Distributionally Adaptive Meta Reinforcement Learning
This addresses robustness issues in meta-RL for applications like robotics, but it is incremental as it builds on existing meta-RL methods.
The paper tackles the problem of meta-reinforcement learning algorithms failing under test-time distribution shifts in tasks, by developing a framework that trains a population of meta-policies with varying robustness levels to adapt appropriately to shifted distributions, showing improved regret and efficacy on simulated robotics problems.

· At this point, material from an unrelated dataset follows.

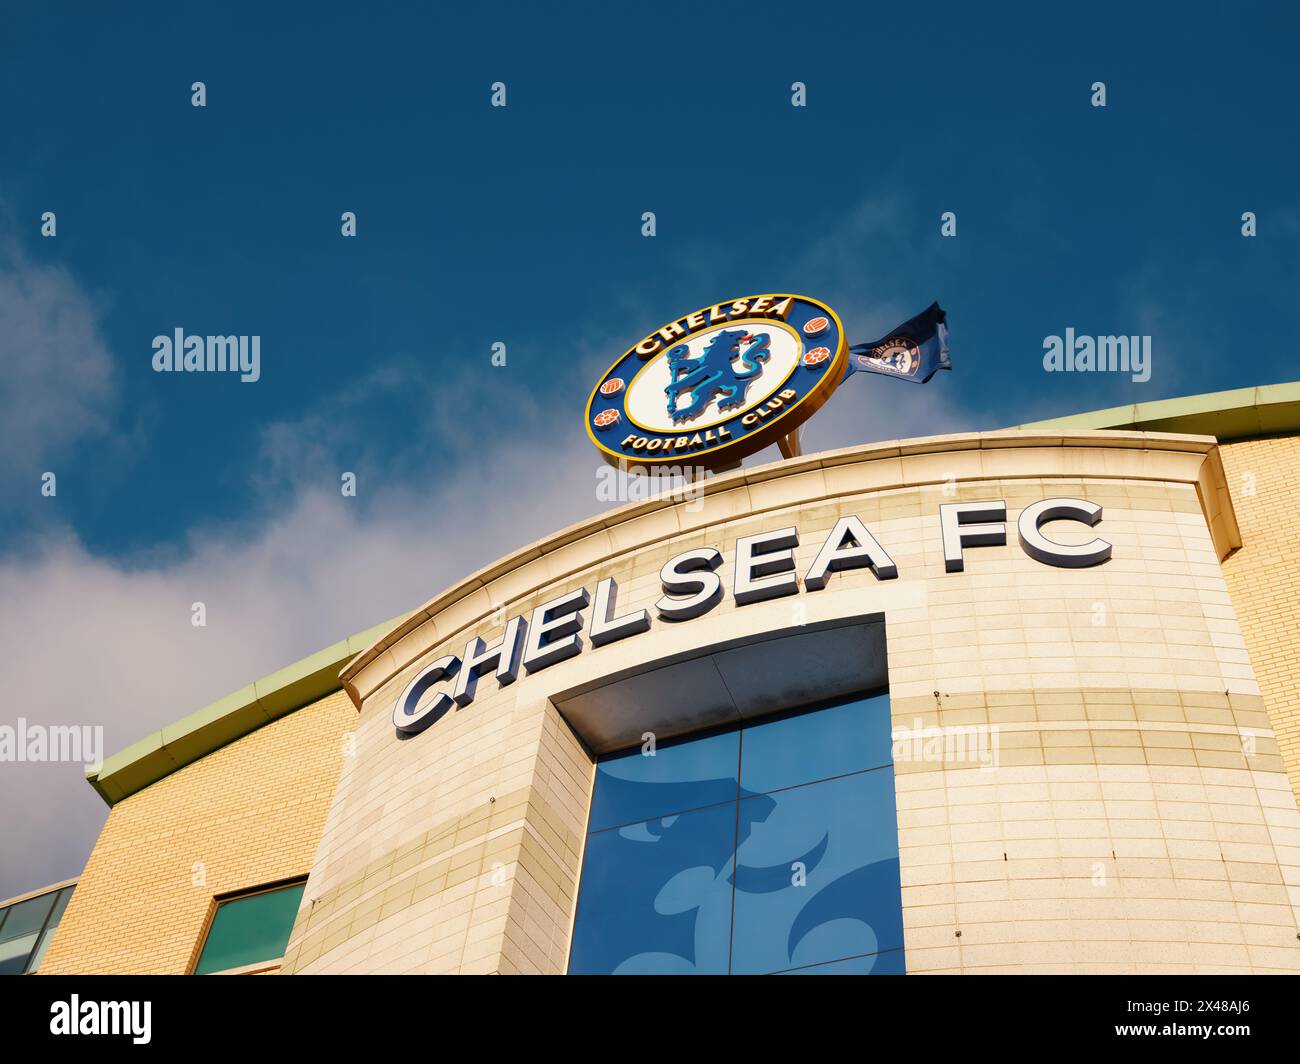 Stamford Bridge, Stadion des Chelsea Football Club und Abzeichen, die Sie zum Weststand in Chelsea, London, England, Großbritannien, bringen Stockfoto
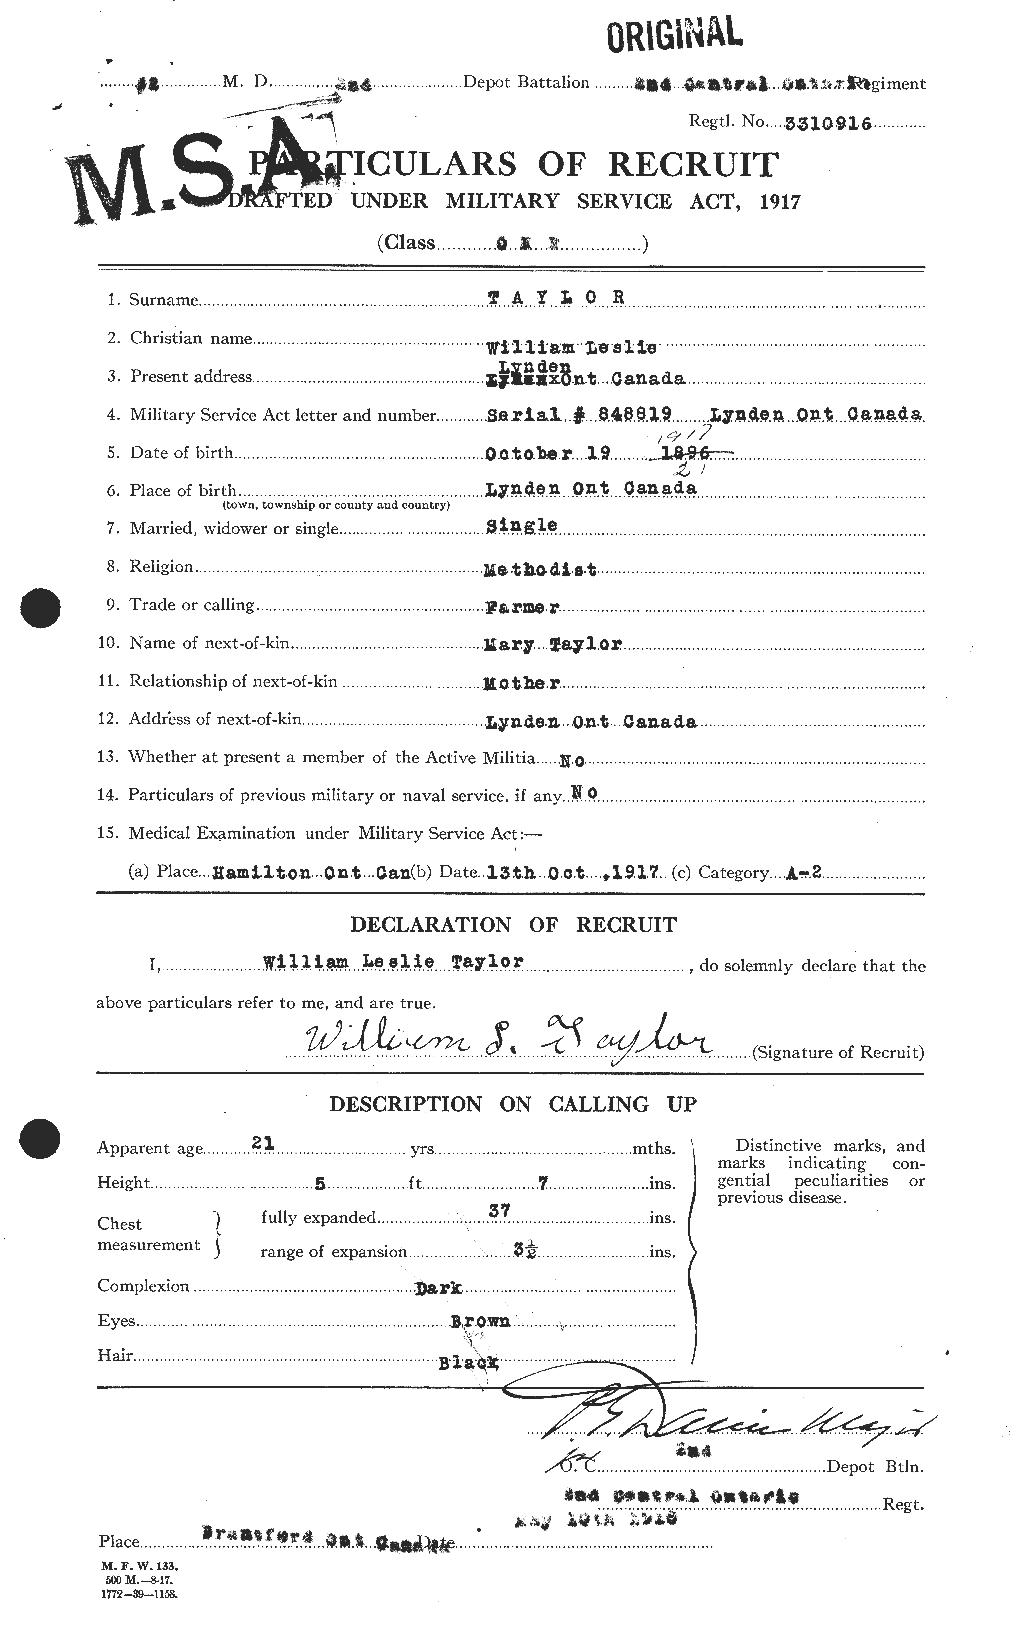 Dossiers du Personnel de la Première Guerre mondiale - CEC 628322a

Meta-reinforcement learning algorithms provide a data-driven way to acquire policies that quickly adapt to many tasks with varying rewards or dynamics functions. However, learned meta-policies are often effective only on the exact task distribution on which they were trained and struggle in the presence of distribution shift of test-time rewards or transition dynamics. In this work, we develop a framework for meta-RL algorithms that are able to behave appropriately under test-time distribution shifts in the space of tasks. Our framework centers on an adaptive approach to distributional robustness that trains a population of meta-policies to be robust to varying levels of distribution shift. When evaluated on a potentially shifted test-time distribution of tasks, this allows us to choose the meta-policy with the most appropriate level of robustness, and use it to perform fast adaptation. We formally show how our framework allows for improved regret under distribution shift, and empirically show its efficacy on simulated robotics problems under a wide range of distribution shifts.